Postgres writes every committed change to the WAL. Logical decoding reads that stream and gives your app inserts, updates, and deletes in commit order, so you react to real changes instead of rescanning tables.

When should I keep polling instead of using logical decoding?

Use polling when change volume stays low and a few minutes of delay do not hurt. One worker, one checkpoint, and one indexed updated_at query usually stay easier to run than a CDC pipeline.

Why does polling work poorly for audit trails?

Polling often sees only the latest row state. If a row changes twice between checks, your job can miss the middle step. Logical decoding gives you each committed change in order, which makes audit timelines much clearer.

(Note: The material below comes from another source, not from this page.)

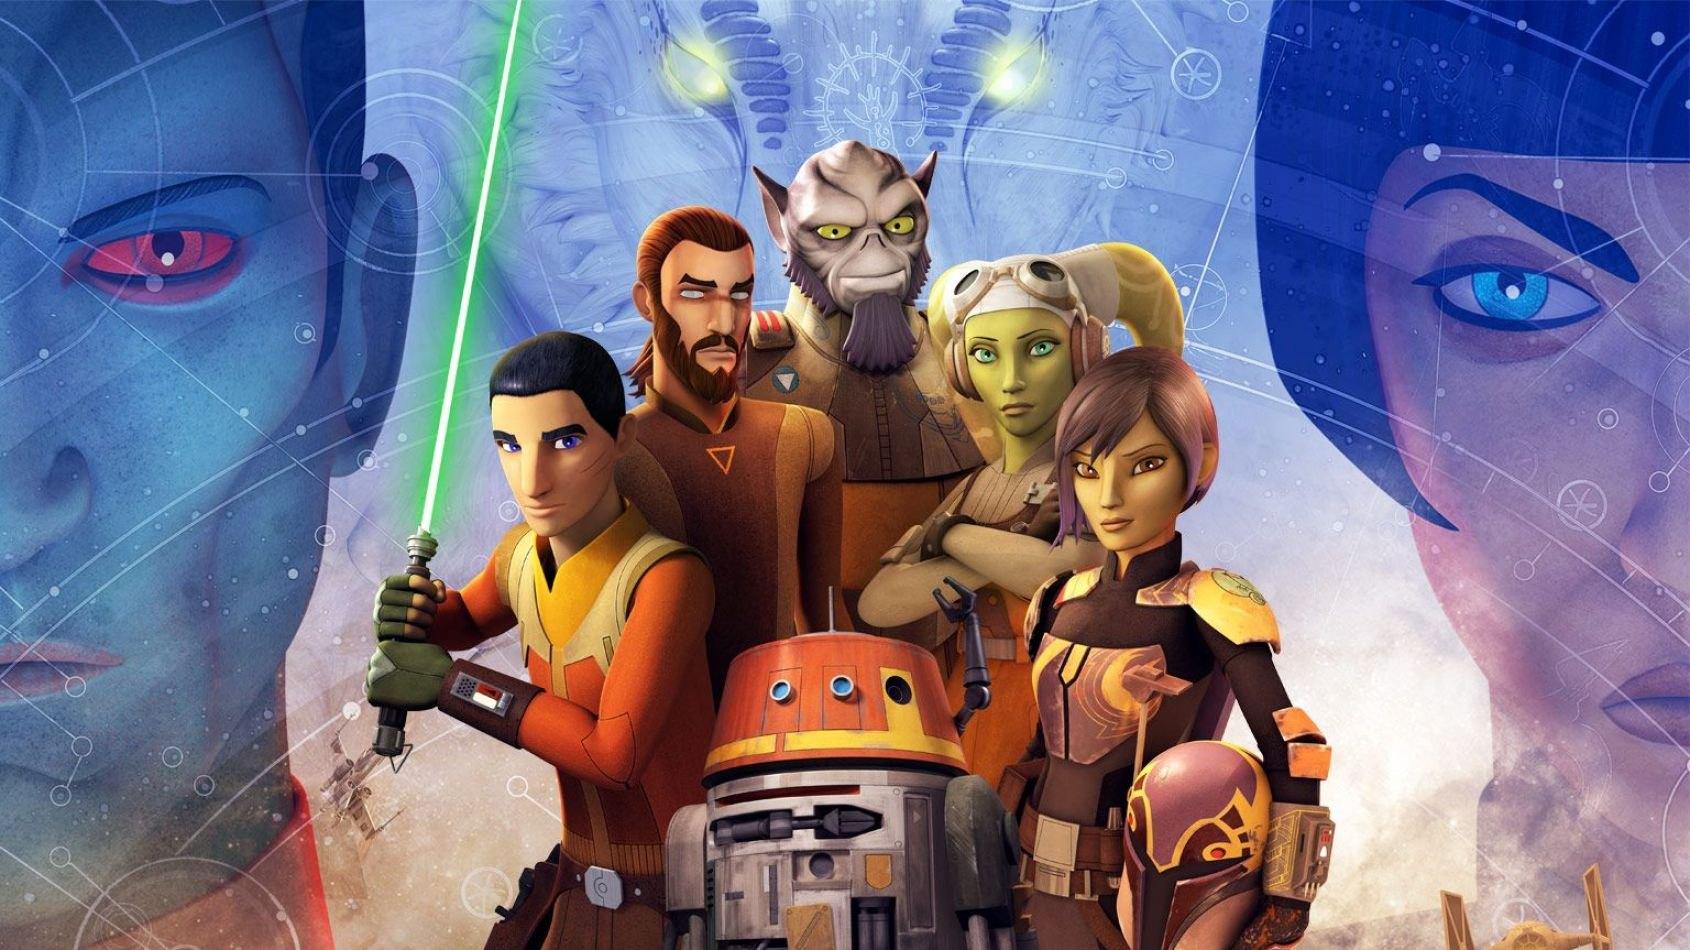 Un drame à venir dans Star Wars Rebels ?

Does logical decoding lower database load?

Usually, yes. Polling keeps asking the database the same question, even when nothing changed. Logical decoding reads the next change from the log, so you stop doing repeated scans on busy tables.

Does logical decoding remove the need for application logic?

No. Logical decoding gives you raw database changes, not business meaning. You still need code for masking sensitive fields, shaping events, retries, conflict rules, and whatever your downstream system expects.

What can go wrong if I set up logical decoding badly?

Watch replication slot lag, WAL disk growth, consumer lag, and restart behavior. If the consumer falls behind, Postgres keeps old WAL files longer, and disk usage can rise fast.

How should I test CDC before I use it in production?

Start with one table and one consumer. Run it in staging, stop the consumer for a while, restart it, and measure catch-up time, duplicates, slot lag, and downstream delay before you widen the scope.

Should one CDC consumer handle audit logs, search, and webhooks together?

Split them. Audit logging and app integrations want different event shapes, retry rules, and failure handling. If you mix them in one consumer, one change can break several downstream jobs at once.

What should a good change event contain?

Include the table name, primary key, operation type, commit order, and the fields that changed. Add user or request context if people need to read the audit trail later, because row changes alone rarely tell the whole story.

Can I switch back to polling if logical decoding adds too much overhead?

Yes, if you plan for it. Write down how to stop the consumer, remove or pause the slot, return to polling, and verify that you did not lose changes. A rollback plan saves time when the first test gets messy.